## Problem to work on
Below is a listing; restate from it, character for character, the lines beginning at the line holding "BMC makes it" and ending at the line holding "Mindfulness for Beginners QUOTES", both included.

## Provided data
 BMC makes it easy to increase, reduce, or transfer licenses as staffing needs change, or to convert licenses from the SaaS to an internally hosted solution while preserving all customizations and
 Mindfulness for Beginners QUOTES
--
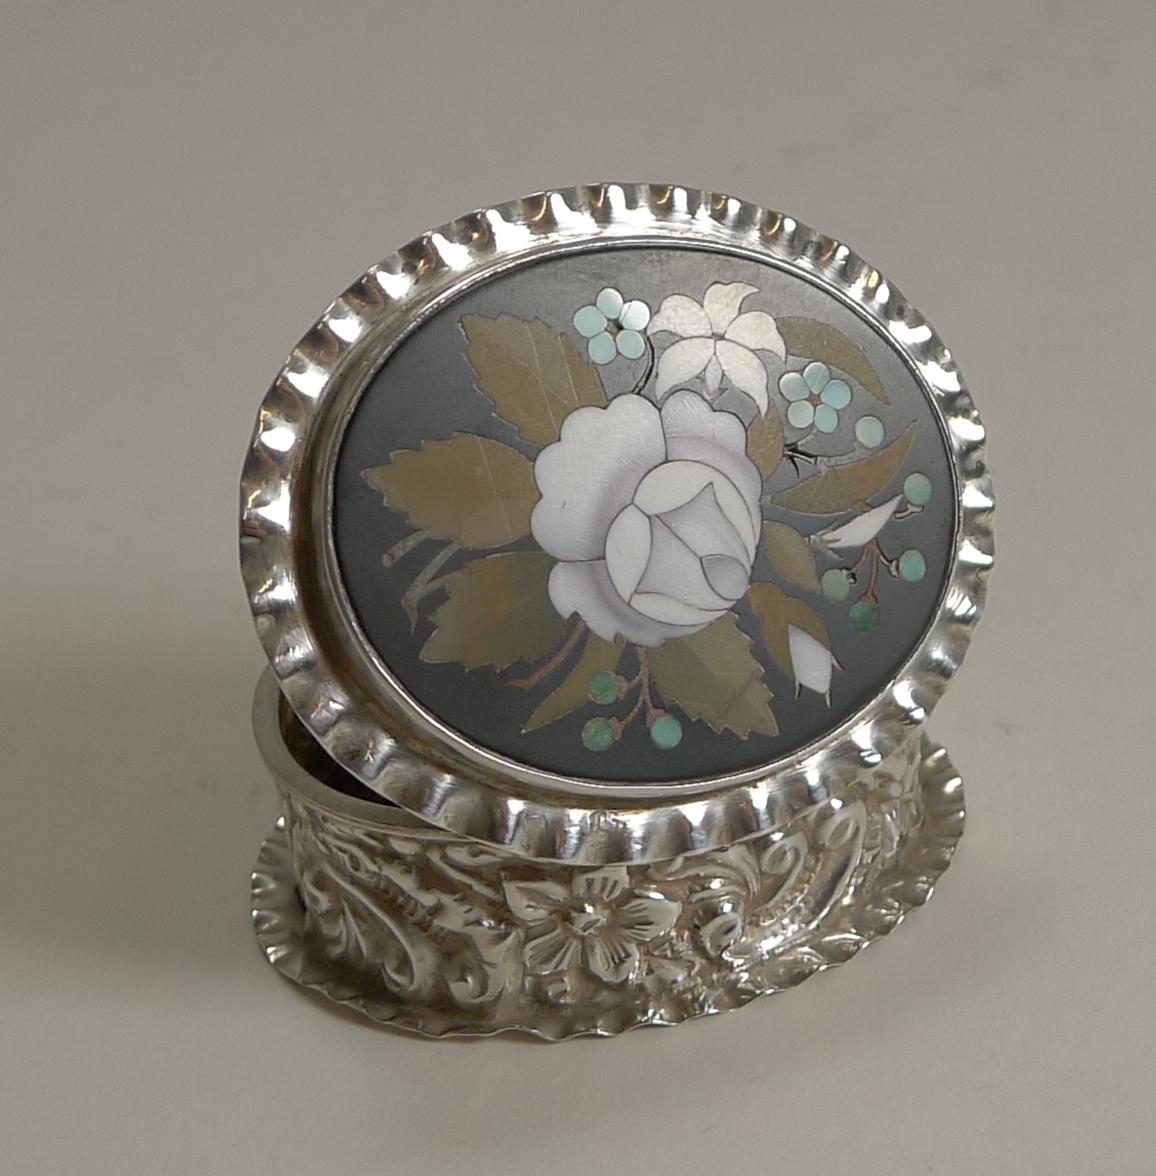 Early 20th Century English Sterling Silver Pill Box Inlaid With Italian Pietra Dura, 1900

## Output of the exercise
 BMC makes it easy to increase, reduce, or transfer licenses as staffing needs change, or to convert licenses from the SaaS to an internally hosted solution while preserving all customizations and
 Mindfulness for Beginners QUOTES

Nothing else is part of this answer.